European Union is serious with its ambition to reduce green house gas emissions by more than 55% by 2030. One of the biggest pollution sources is traffic on busy roads of Continental Europe. Now, the Council of EU says there is an agreement between EU decision makers for rapid construction of electric and hydrogen vehicle recharging infrastructure.
If you are planning a long road trip in Europe on an electric vehicle, it will be a lot easier to tour EU countries from 2025 onwards. In concrete terms, the new regulation specifies that main roads, like autobahns and highways must have charging stations every 60 km for electric and hydrogen cars. The schedule requires action soon, so the primary focus is on the routes included in Trans-European network-transport (TEN-T) that specifies the main transport corridors in Europe.
By 2030, the same requirement – charging stations every 60 km – is extended to secondary highways and roads.
The charging infrastructure for trucks gets more time to establish stations every 60 km along main roads. They have to be ready by 2030. On secondary roads, charging trucks must be possible every 100 km by 2030.
EU regulators also require charging stations to accept ordinary payment cards / bank cards as payment methods.

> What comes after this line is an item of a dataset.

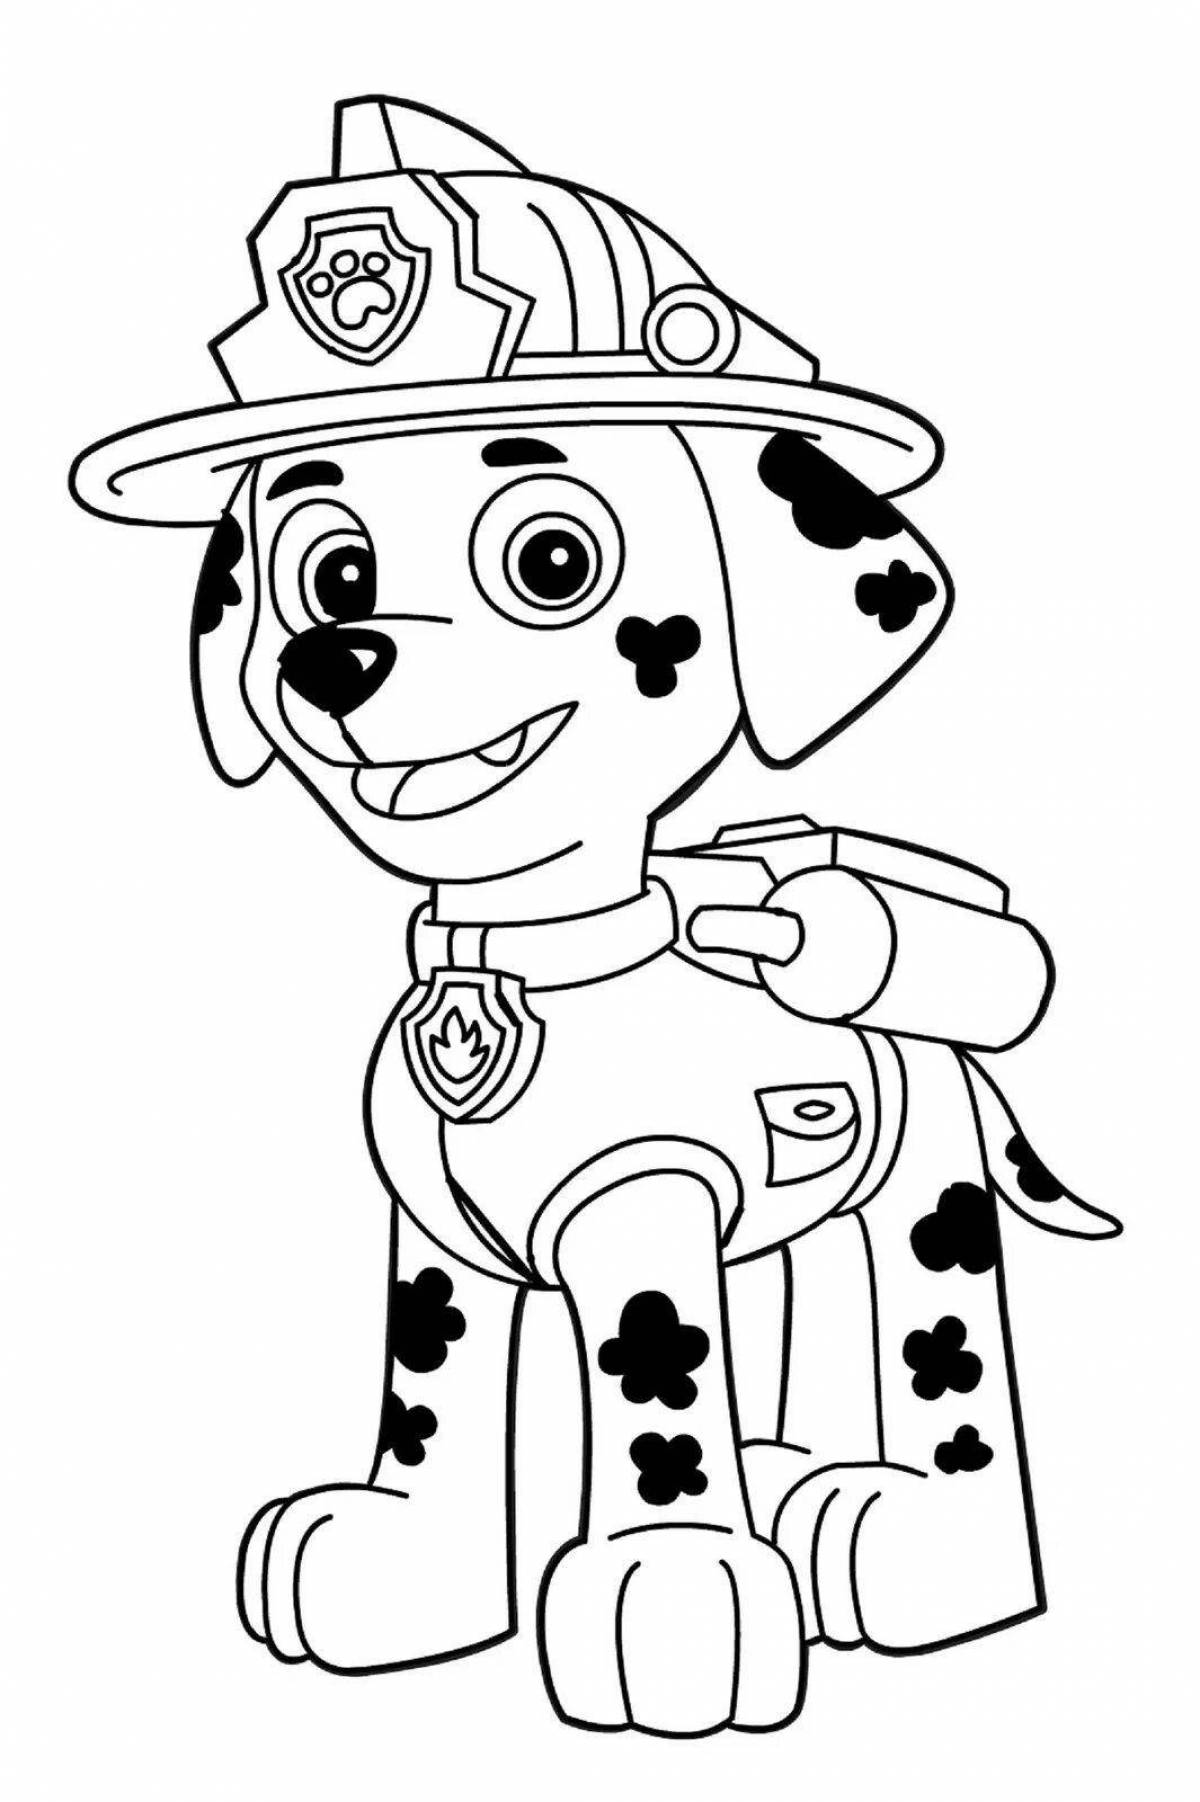 Coloring page adorable cartoon paw patrol

This is a significant push to ensure a relatively swift migration to clean traffic energy in Europe. It is likely that some countries won’t manage to meet these requirements by 2025, but still, even those countries are required to build a proper infrastructure for electric and hydrogen vehicles.
The new regulation known as AFIR (Alternative Fuel Infrastructure Regulation) has been prepared by the EU Commission and the Council, and it is ready to be approved by EU members and the EU Parliament.